Boarding schools will take anorexics but they do have to be recovering contrary to what some parents think they are not extensions of CAMHs. The level of supervision especially for 6th formers is likely to be significantly less than you are doing at home, afterall each house will often have 60+ kids and 1 HM 1 assistant HM a matron who may or may not be residential, and 5-6 visiting other staff but they are not there all the time. You do the math. If your hoping for everymeal to be supervised that’s what a big ask. Is you DD happy to eat most foods? Most boarding school food is ok but lots of carbs, pasta etc sponge puddings etc.
To thrive at boarding you have to be pretty robust, anxious children do board but they often struggle especially in the beginning. I think I would be asking myself if my DD will have enough time to settle down and get on with her A levels at the same time. You say you know nothing about boarding it’s going to a big cultural shock. Communal living isn’t for everyone, and can definitely raise anxiety levels significantly. How quickly does your DD make friends? She’s been home schooled boarding is on the other end of the spectrum do you honestly think she’ll adapt to a totally different way of living, new friends, new environment or will this cause her anxiety/anorexia to rear its ugly head? To board successfully you have to be able to read situations very quickly adapt live alongside people you may not like some who are totally different to you, tilt untidy noisy very quiet, etc etc some find this difficult will your DD?
You need to decide what sort of boarding you want in you situation I wouldn’t consider full, (living in the school 7 days a week) she probably would benefit from knowing she can come home 1-2 of nights a week to get some space and peace. I always say don’t have the school more than a 1 1/2 hour each way travelling time you might want to be closer, so that you can easily get there if it all goes wrong.

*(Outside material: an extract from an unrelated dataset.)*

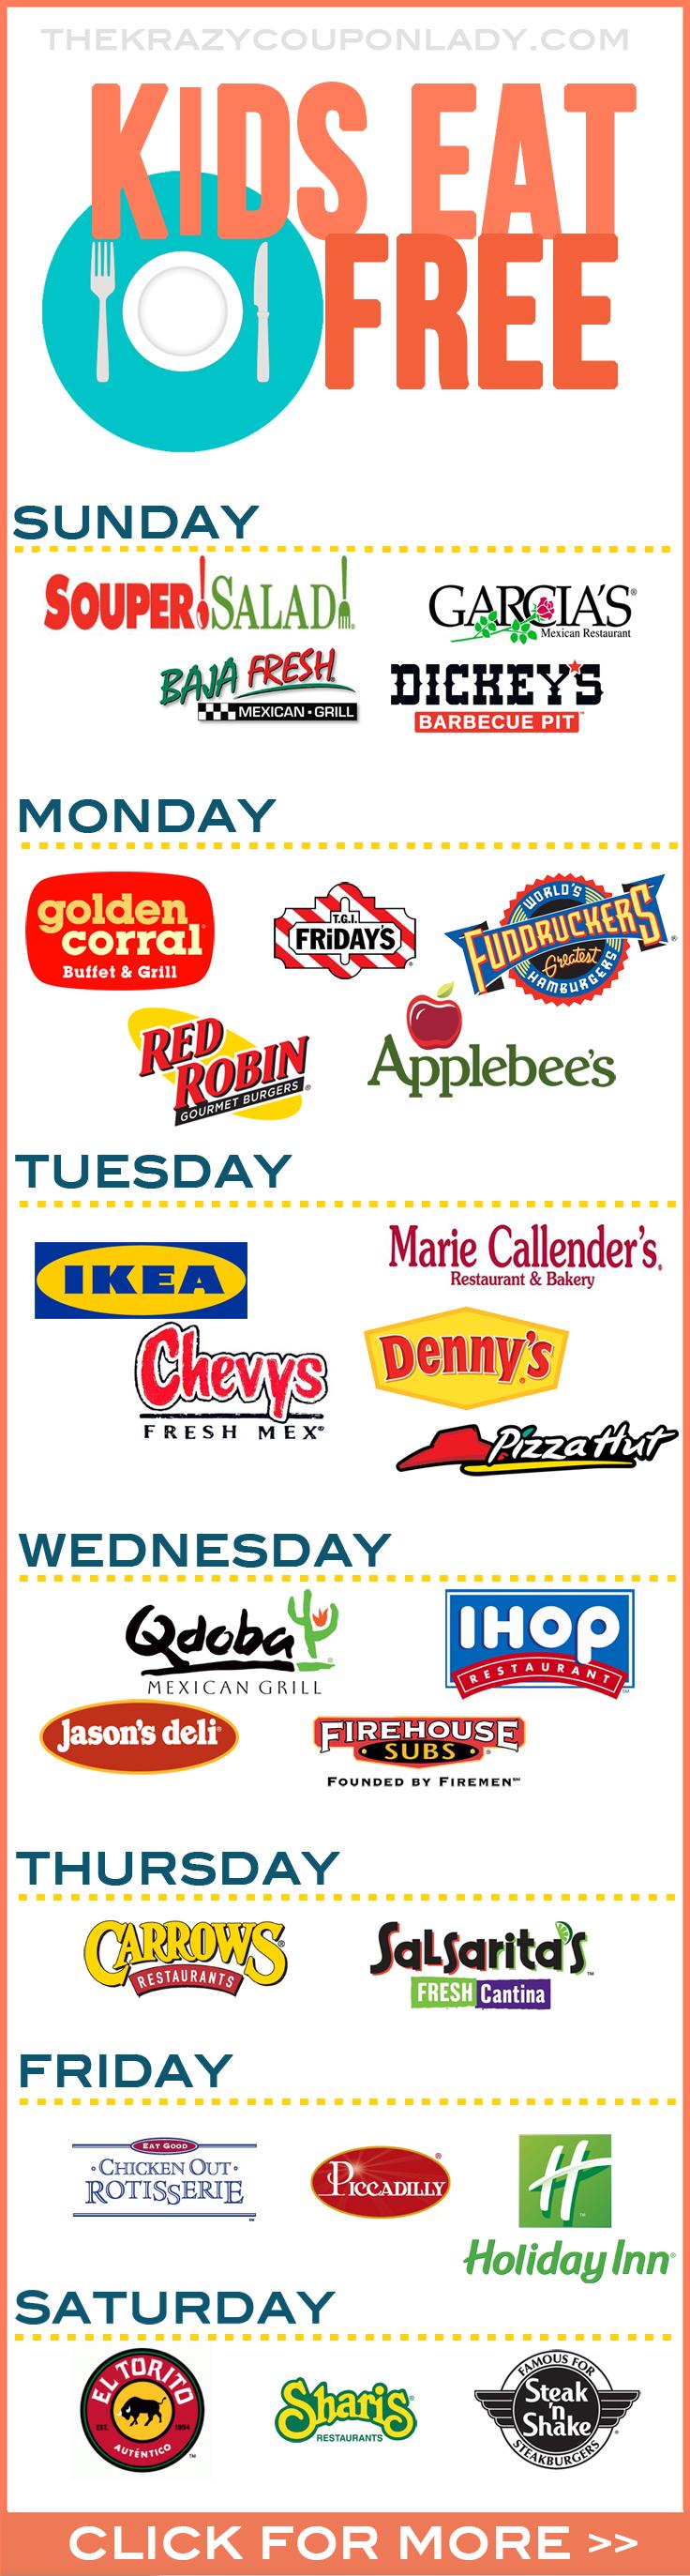 Super comprehensive list of restaurants where kids eat FREE!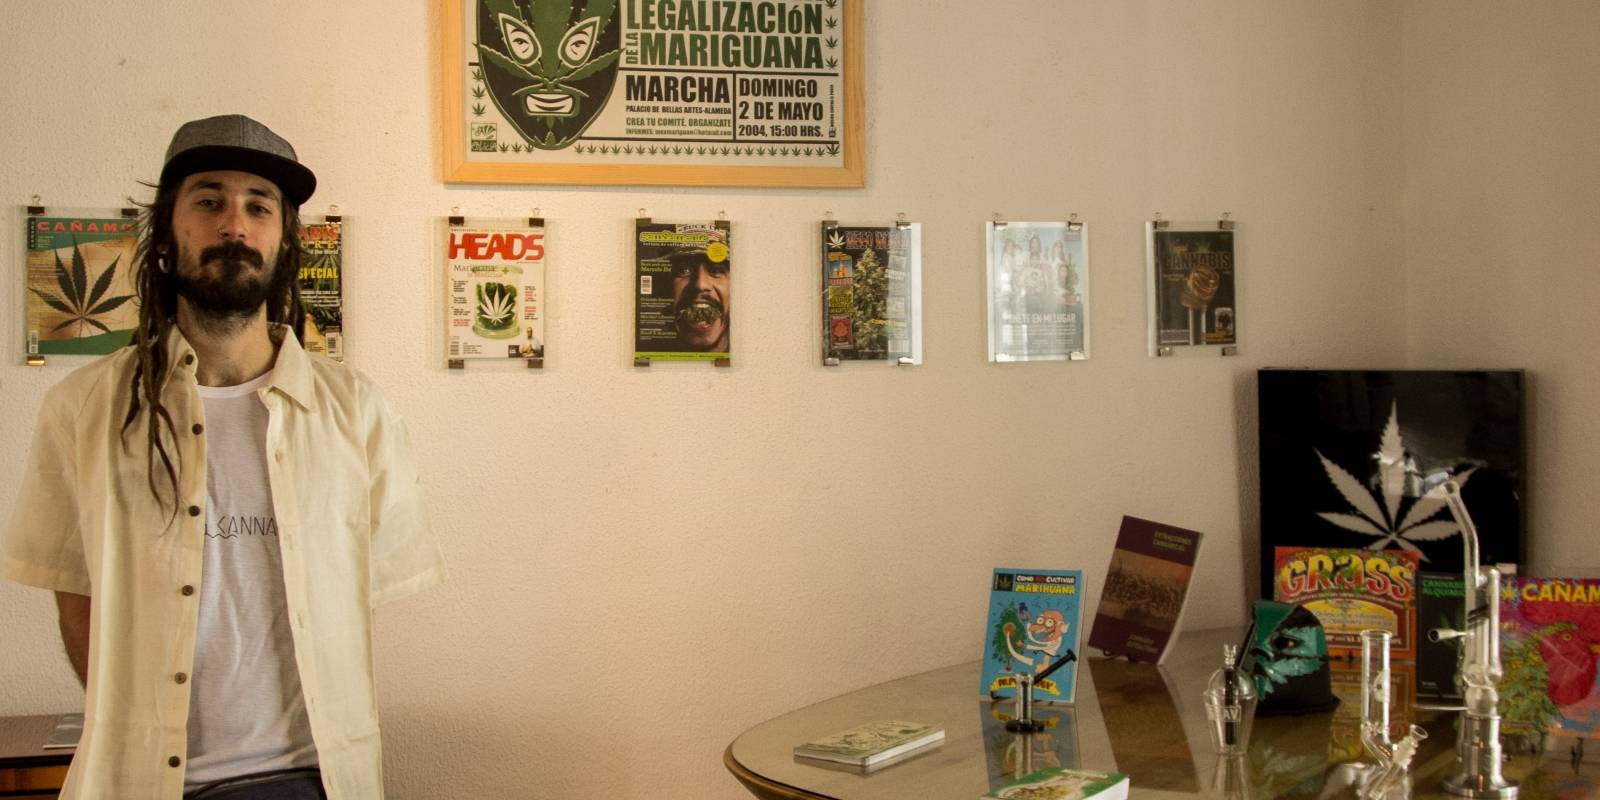 Nación Cannabis | Cannativa, el primer colectivo de educación cannábica en México como alternativa terapéutica

I’ve worked in boarding schools and with anorexia although it’s not my field of expertise but it was my colleagues, if I’m being totally honest if I was told that a child was starting who’d been home schooled and had anxiety issues and anorexia alarm bells would’ve be really ringing, home schooled children do adapt to boarding but they often find it difficult, over the years I think at least 70% of those who were previously home schooled left after a shortish time. Those with significant anxiety issues can adapt to boarding, as do anorexics again I would say 70% didn’t stay or were politely asked to leave because they are unhappy and not schools have a duty of care and can’t keep safe especially if the anorexia is causing concerns.
I can’t recomend anywhere close to your home because it’s not my area.
My advise is think very carefully. I would be less concerned if you said you were familiar with boarding life, your DD had siblings there and knew about it was often in the school and was really keen to go. I’ve seen pretty robust new 6th form boarders really struggling feeling home sick, struggling to break into existing friendship groups, getting totally exhausted because boarding is very full on especially this term. Do you honestly think you’ll DD will be ok? Do talk to CAMHs or whoever you DD is seeing, ask them their opinion?